Reworking AIDA: Legal Compliance

Today we’re looking briefly at legal obligations concerning management of your digital content.
The original AIDA had only one section on this, and it covered Copyright and IPR. These issues were important in 2009 and are still important today, especially in the context of research data management when academics need to be assured that attribution, intellectual property, and copyright are all being protected.

Legal Compliance – widening the scope

For the new toolkit, in keeping with my plan for a wider scope, I wanted to address additional legal concerns. The best solution seemed to be to add a new component to assess them.

What we’re assessing under Legal Compliance:

  1. Awareness of responsibility for legal compliance.
  2. The operation of mechanisms for controlling access to digital content, such as by licenses, redaction, closure, and release (which may be timed).
  3. Processes of review of digital content holdings, for identifying legal and compliance issues.

Legal Compliance – Awareness

The first one is probably the most important of the three. If nobody in the organisation is even aware of their own responsibilities, this can’t be good. My view would be that any effective information manager – archivist, librarian, records manager – is probably handling digital content with potential legal concerns regarding its access, and has a duty of care. But a good organisation will share these responsibilities, and embeds awareness into every role.

Legal Compliance – Mechanisms & Procedures

Secondly, we’d assess whether the organisation has any means (policies, procedures, forms) for controlling access and closure; and thirdly, whether there’s a review process that can seek out any legal concerns in certain digital collections.

Legislation regimes vary across the world, of course, and this makes it challenging to devise a model that is internationally applicable. The new version of the model name-checks specific acts in UK legislation, such as the Data Protection Act and Freedom of Information. On the other hand, other countries have their own versions of similar legislation; and copyright laws are widespread, even when they differ on detail and interpretation.

The value of the toolkit, if indeed it proves to have any, is not that we’re measuring an organisation’s specific point-by-point compliance with a certain Statute; rather, we’re assessing the high-level awareness of legal compliance, and what the organisation does to meet it.

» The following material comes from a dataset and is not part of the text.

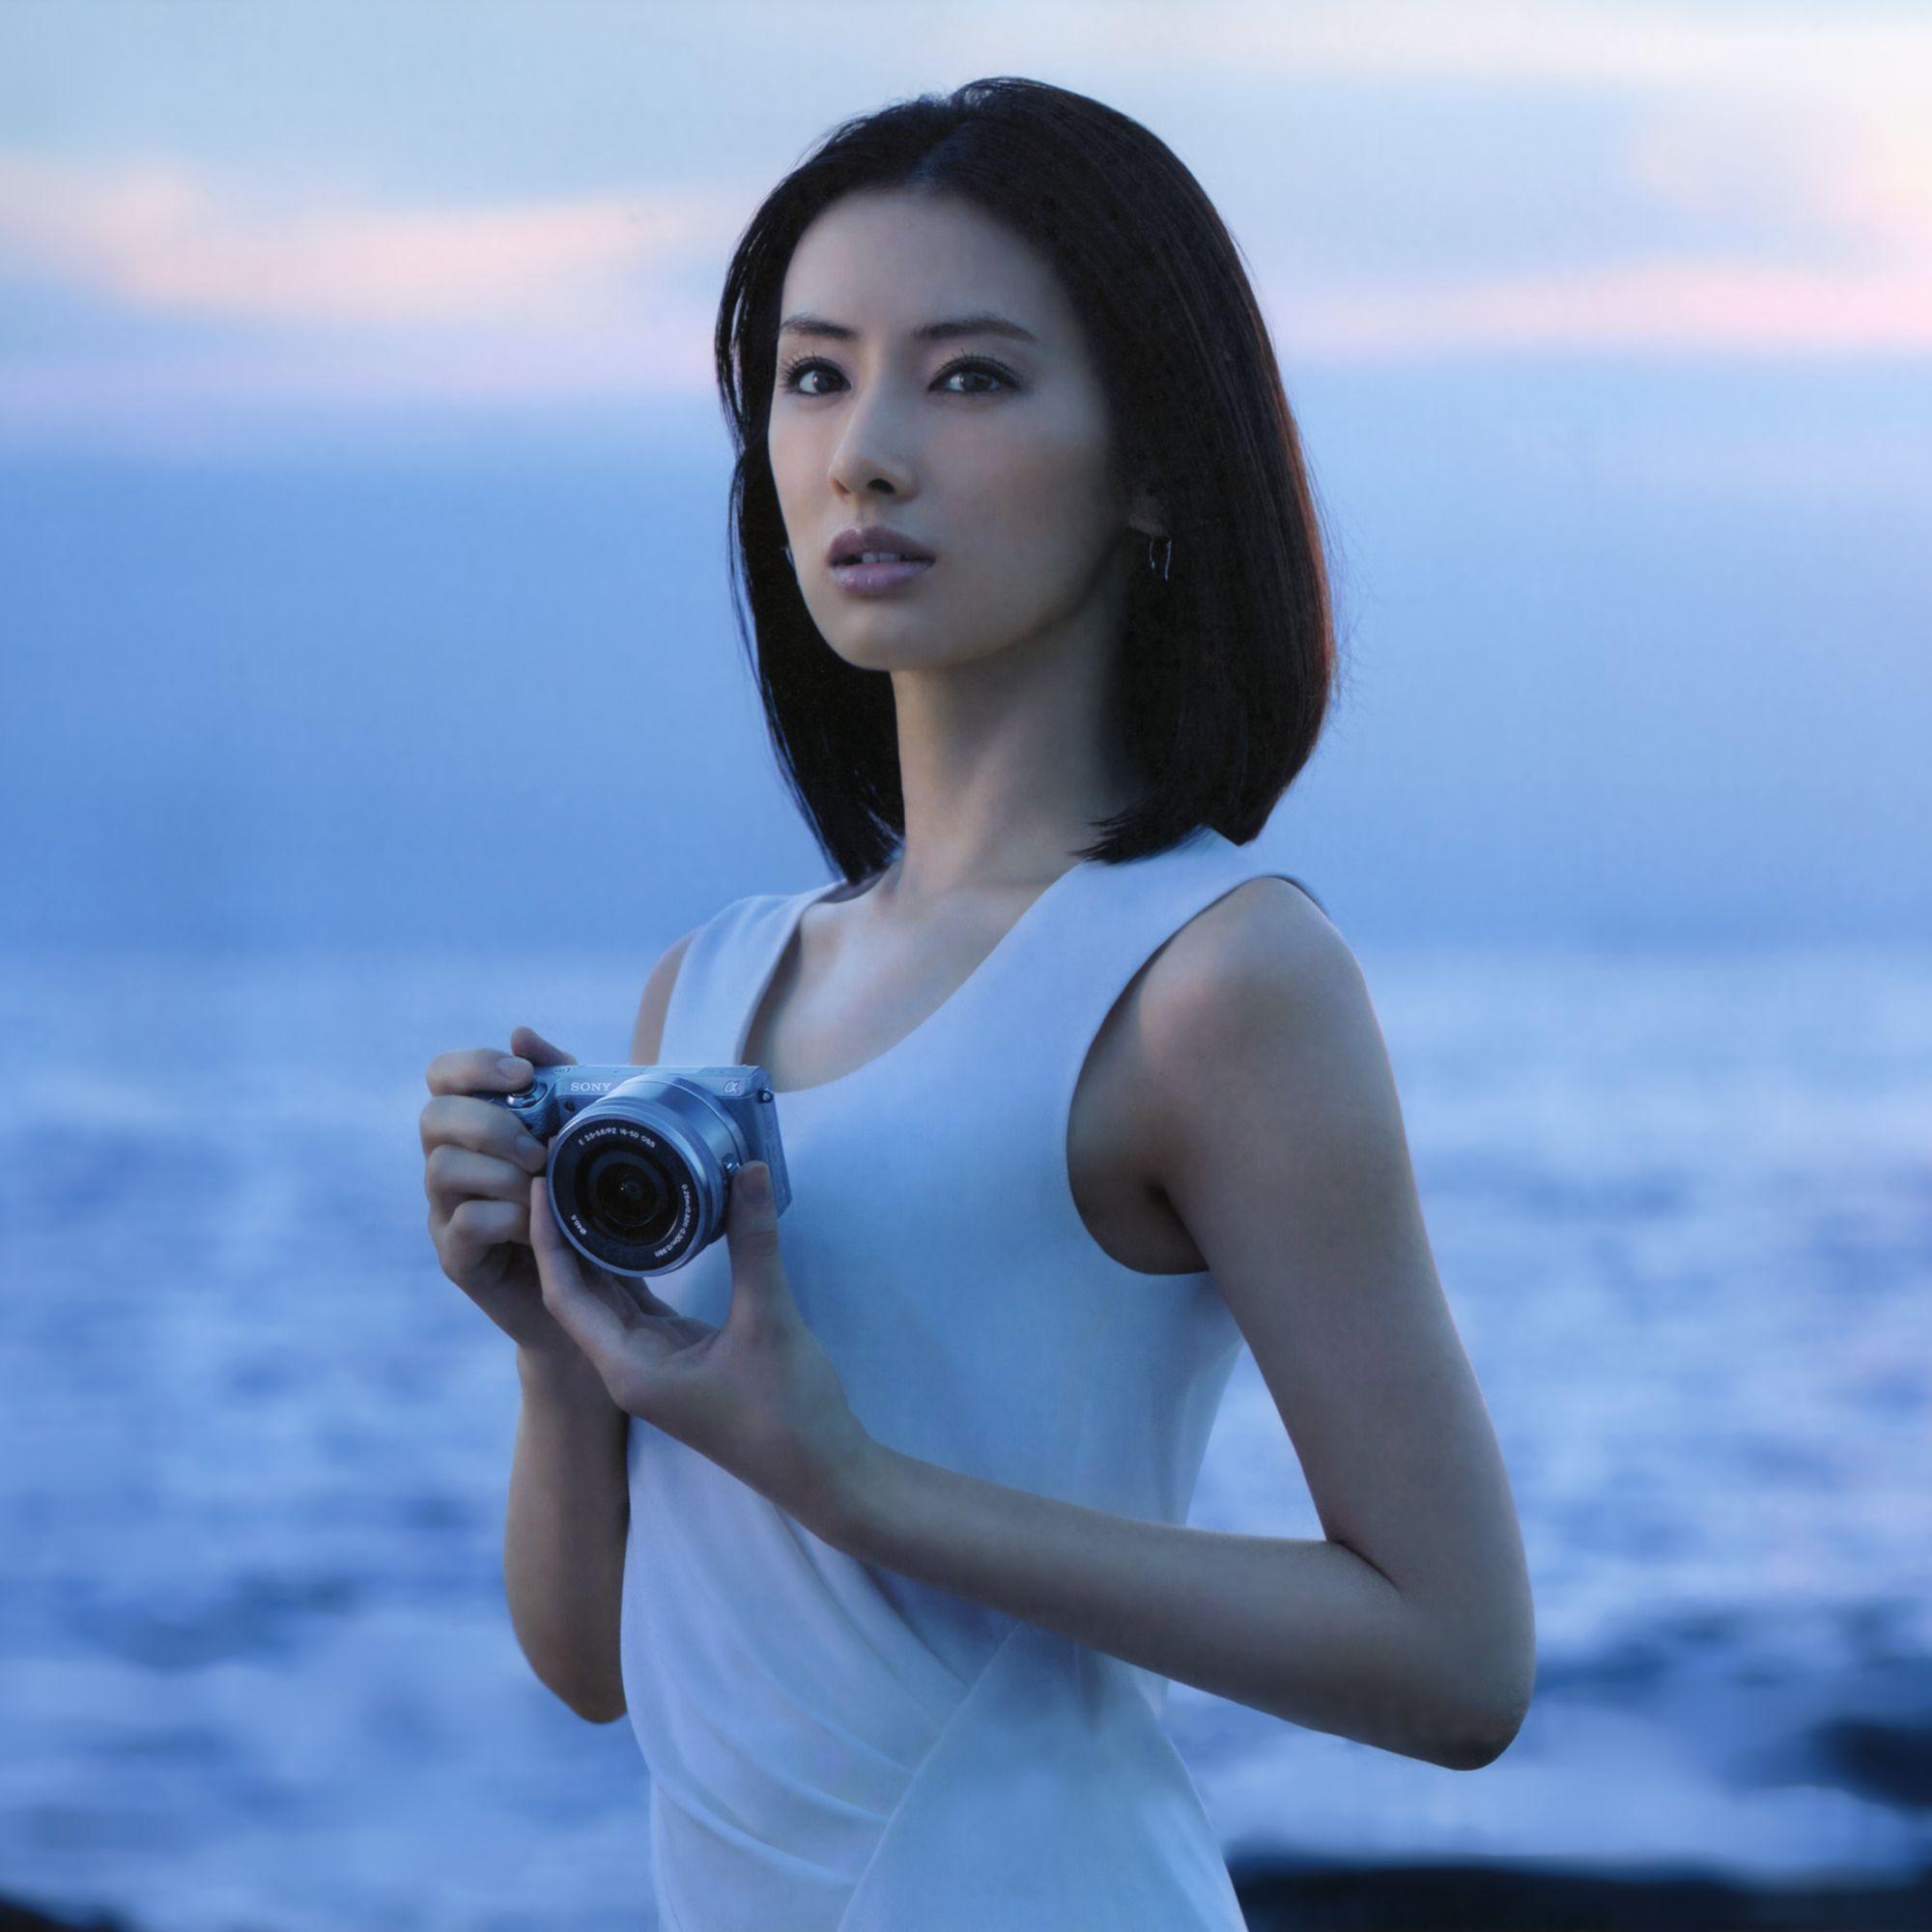 Keiko Kitagawa Nude Complete kitagawa keiko - google search | kitagawa keiko | pinterest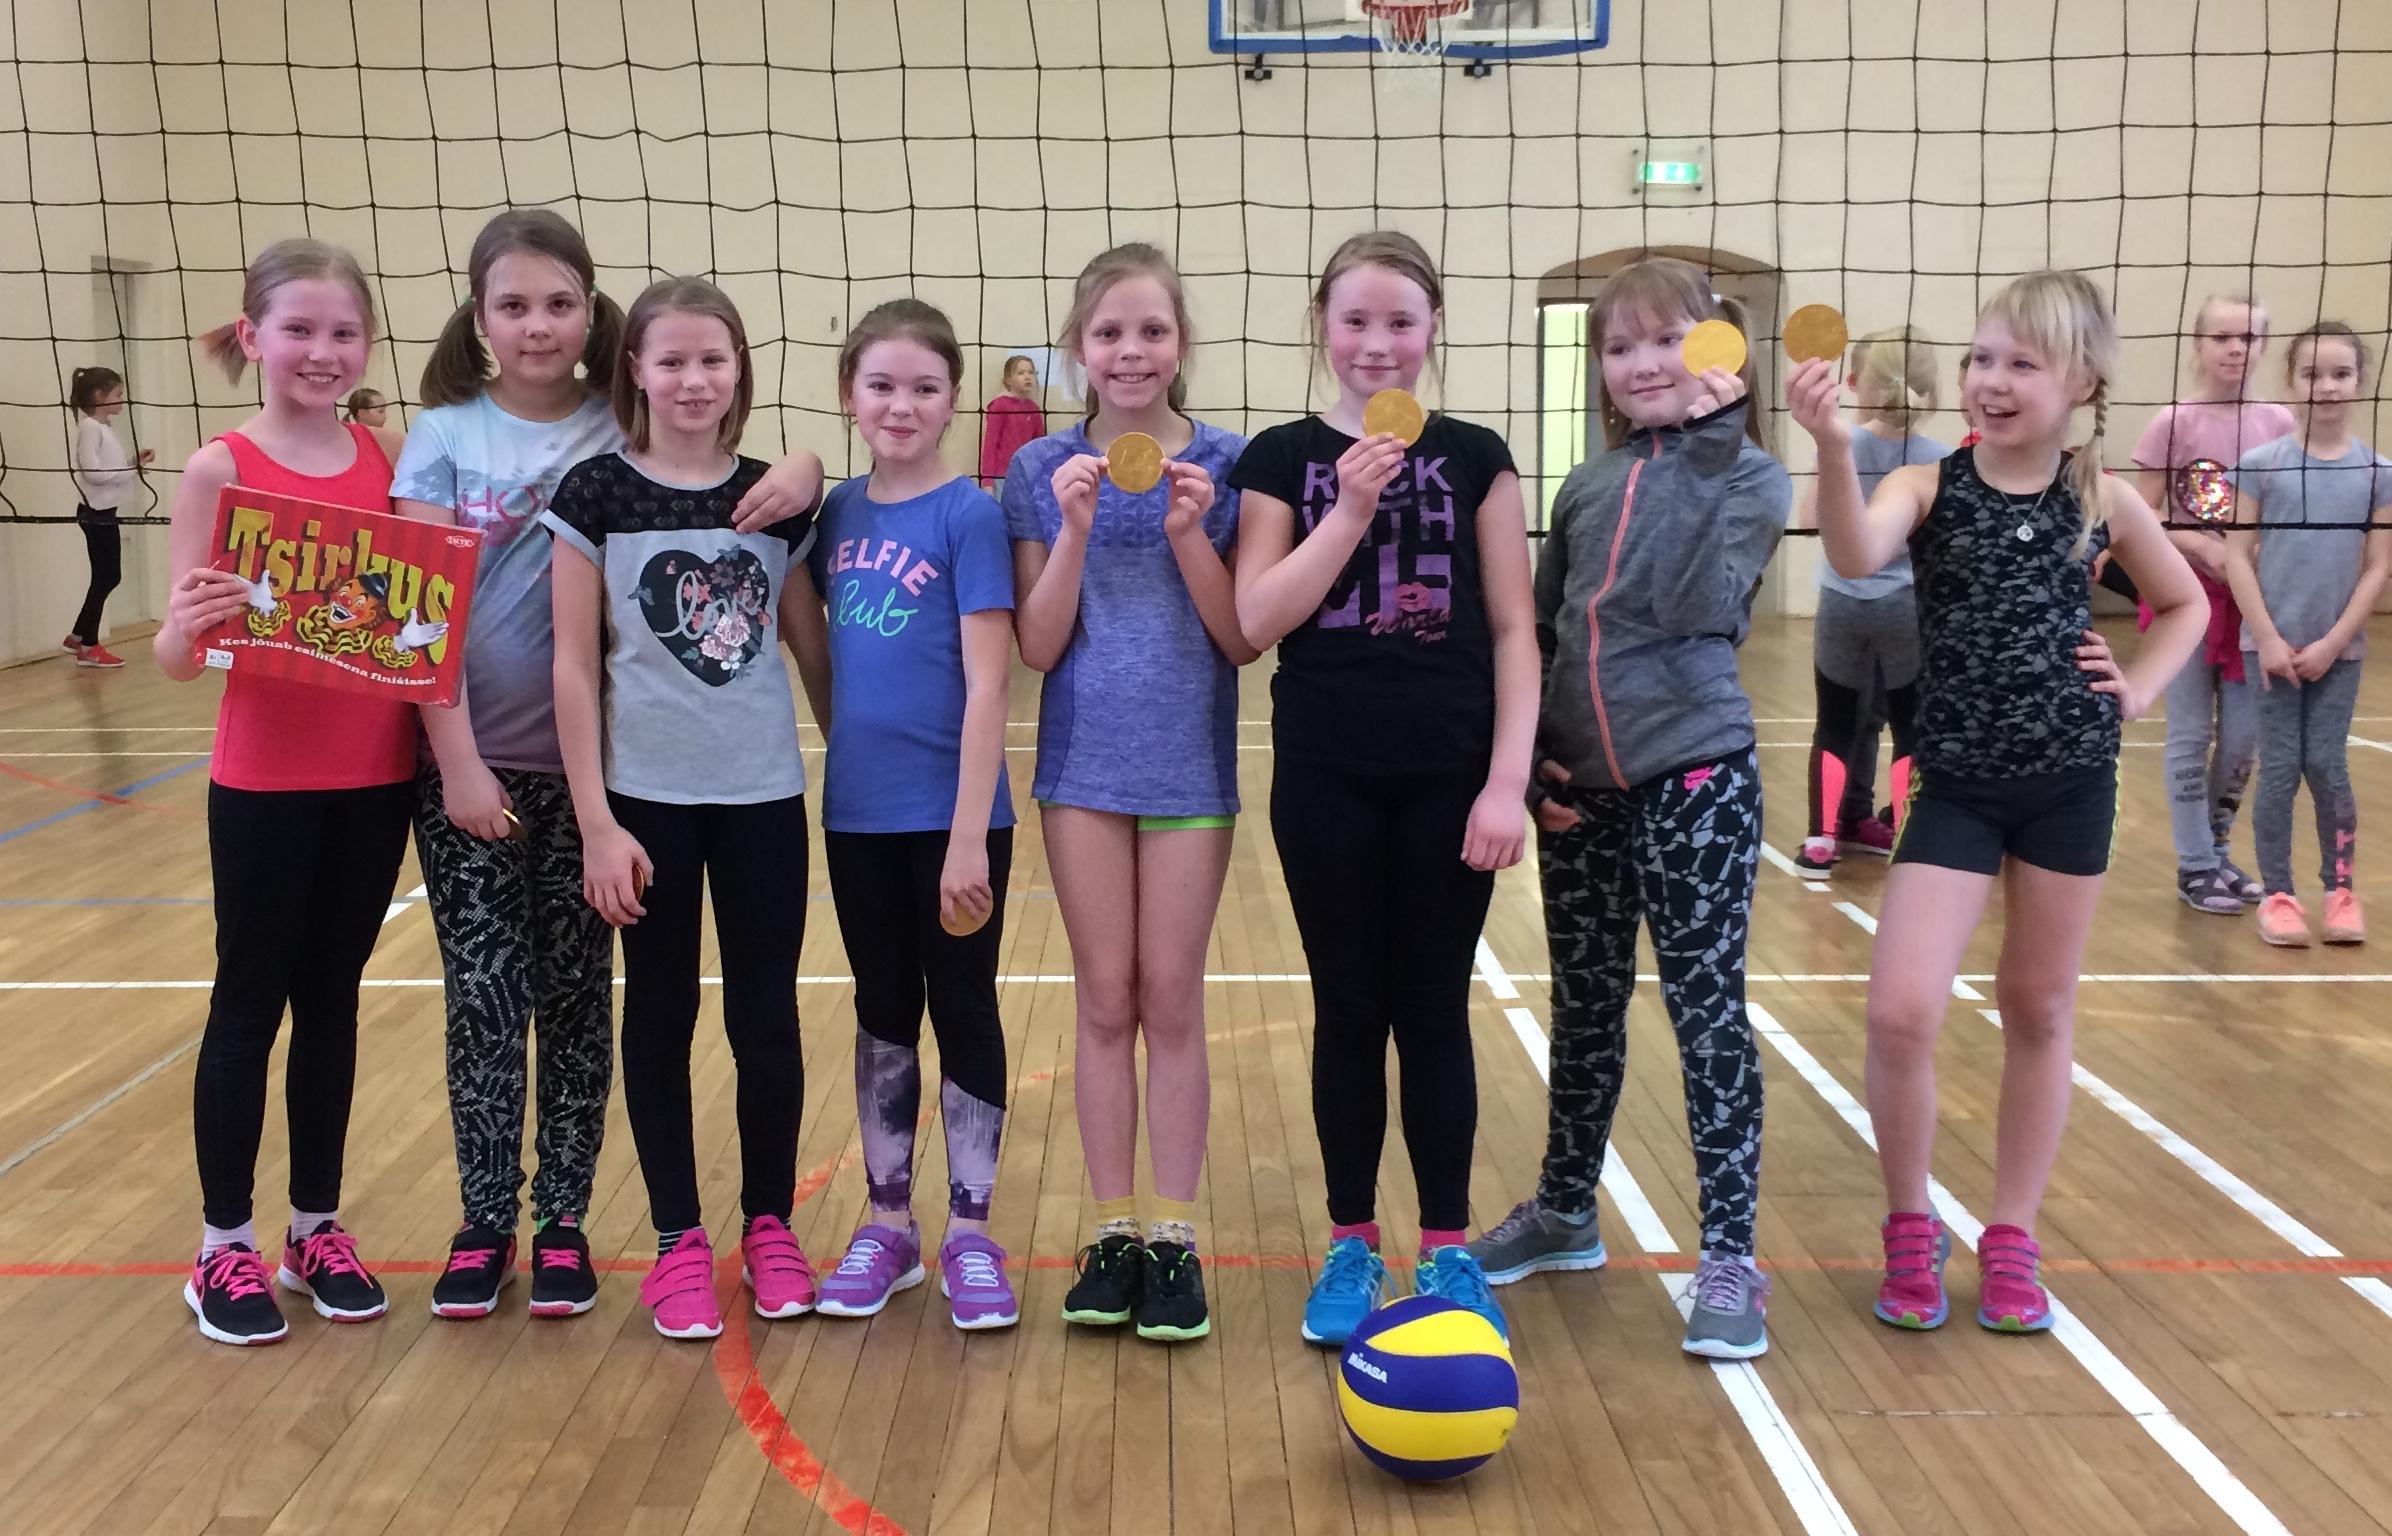 9335ae2d254 Teisipäeval (13.02) toimus pioneerpalli turniir kolmandate klasside  tüdrukutele. Turniir läks väga hästi. Kõik osalejad olid väga tublid!

Interestingly, the high-level application of legal protection across an organisation is something which can appear somewhat undeveloped in other assessment tools.

The ISO 16363 code of practice refers to copyright implications, intellectual property and other legal restrictions on use only in the context of compiling good Content Information and Preservation Description Information.

The expectation is that “An Archive will honor all applicable legal restrictions. These issues occur when the OAIS acts as a custodian. An OAIS should understand the intellectual property rights concepts, such as copyrights and any other applicable laws prior to accepting copyrighted materials into the OAIS. It can establish guidelines for ingestion of information and rules for dissemination and duplication of the information when necessary. It is beyond the scope of this document to provide details of national and international copyright laws.”

Personally I’ve always been disappointed by the lack of engagement implied here. To be fair though, the Code does cite many strong examples of “Access Rights” metadata, when it describes instances of what exemplary “Preservation Description Information” should look like for Digital Library Collections.

The DPCMM maturity model likewise doesn’t see fit to assess legal compliance as a separate entity, and it is not singled out as one of its 15 elements. However, the concept of “ensuring long‐term access to digital content that has legal, regulatory, business, and cultural memory value” is embedded in the model.